Chinese stocks were weaker with another global slump, but there is speculation of market intervention by the Chinese government.
China 50: Daily Chart
The CH 50 dropped back through weekly support at 12,354, and that will be the line in the sand.
China’s US$1.35 trillion sovereign wealth fund was seen increasing its equity stakes in the nation’s four biggest banks, sparking speculation that authorities are trying to build confidence in the market after an exodus of foreign investment funds and a slump in the local currency.
Central Huijin Investment, which owns stakes in domestic financial institutions, added to its holdings in Industrial and Commercial Bank, Construction Bank, Bank of China, and the Agricultural Bank of China, according to stock exchange filings.
The purchases, worth around 477.5 million yuan (US$65.4 million), may also be showing that the government is ready to act with stimulus.

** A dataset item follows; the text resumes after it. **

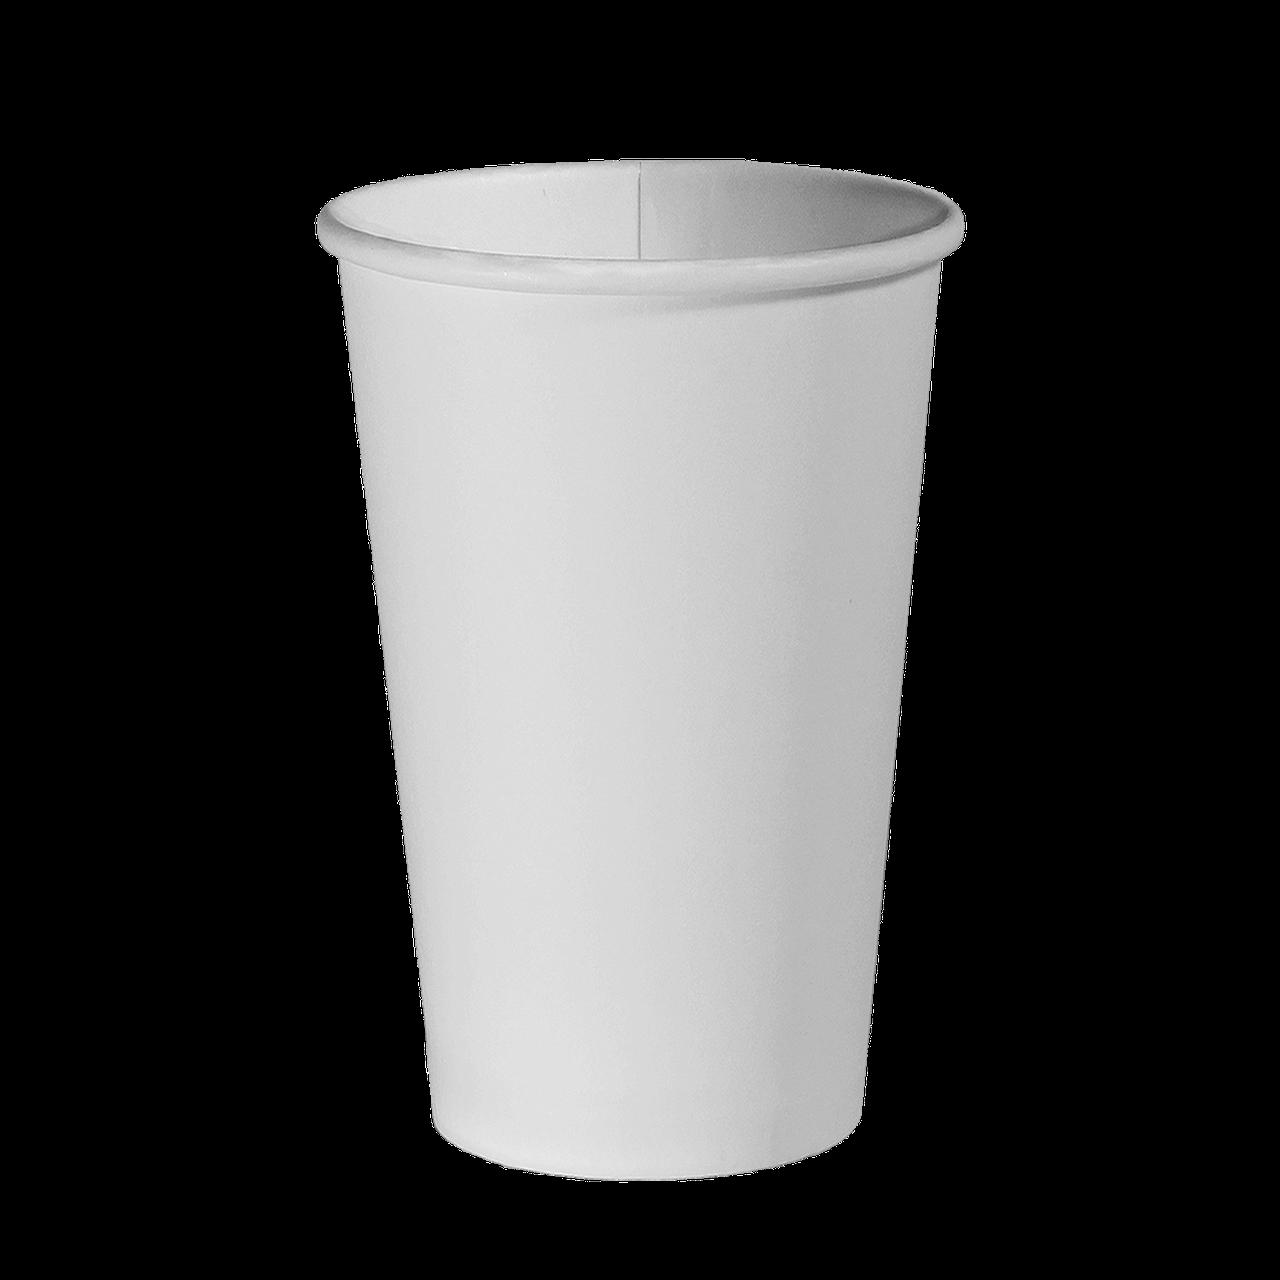 Стакан паперовий 400 мл. 50шт.уп. (20/1000) Білий

“This move, reminiscent of its actions during the 2015 Chinese equity market turmoil, signifies the government’s desire to maintain market stability,” Redmond Wong, at Saxo Capital Markets in Hong Kong, wrote.

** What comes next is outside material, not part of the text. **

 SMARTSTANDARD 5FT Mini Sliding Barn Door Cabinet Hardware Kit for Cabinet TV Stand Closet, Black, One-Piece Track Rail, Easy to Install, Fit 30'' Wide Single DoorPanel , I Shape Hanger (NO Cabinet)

The move could entice domestic investors to the market and also see the return of hedge funds from overseas who ran from the market over fears of the slow economic recovery in China and the tensions between the country and the US.

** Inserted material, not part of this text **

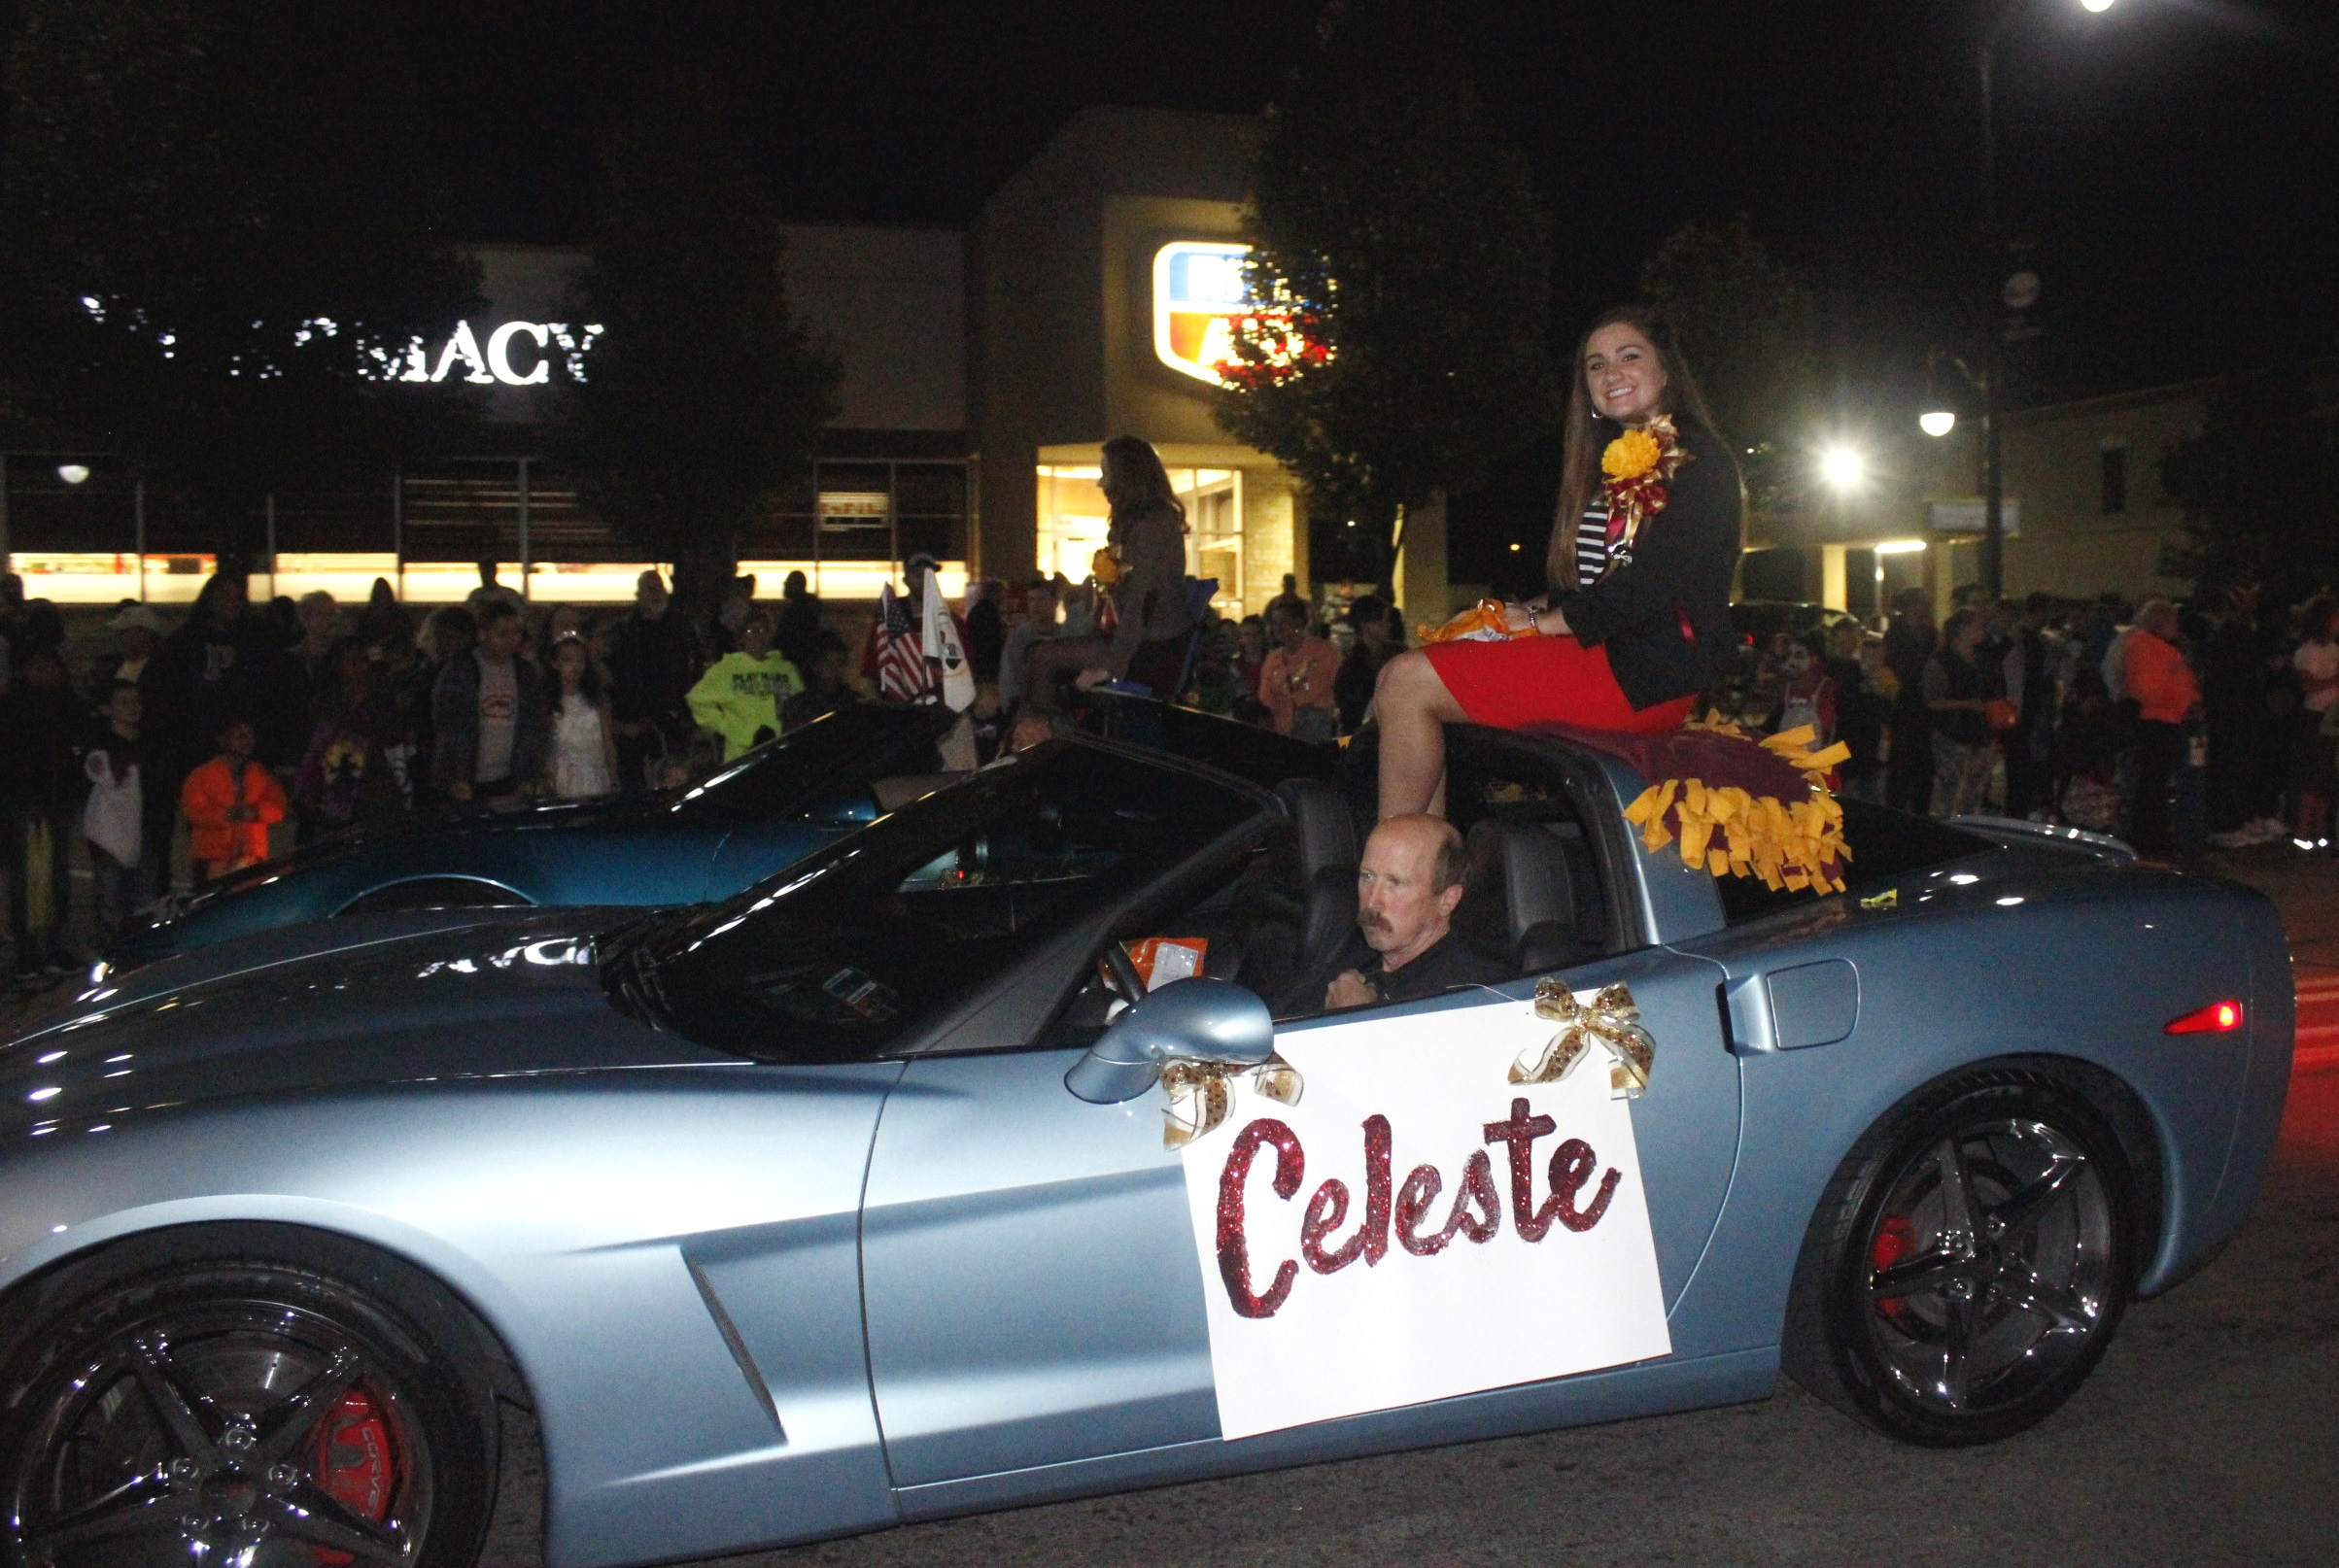 Celeste corvette

The wealth fund held equity stakes in 17 financial institutions, including banks, securities companies, and insurance companies, at the end of 2021, according to the most recent annual report.
US stocks ended a recent rally after inflation came in higher than expected. That happened only a day earlier, when investors were reassured by the FOMC minutes that the Federal Reserve was finished with rate hikes.
The minutes are trailing, while the inflation data was a reality check, and recent bullish activity in stocks, risk assets, and anti-US dollar currencies has unwound sharply.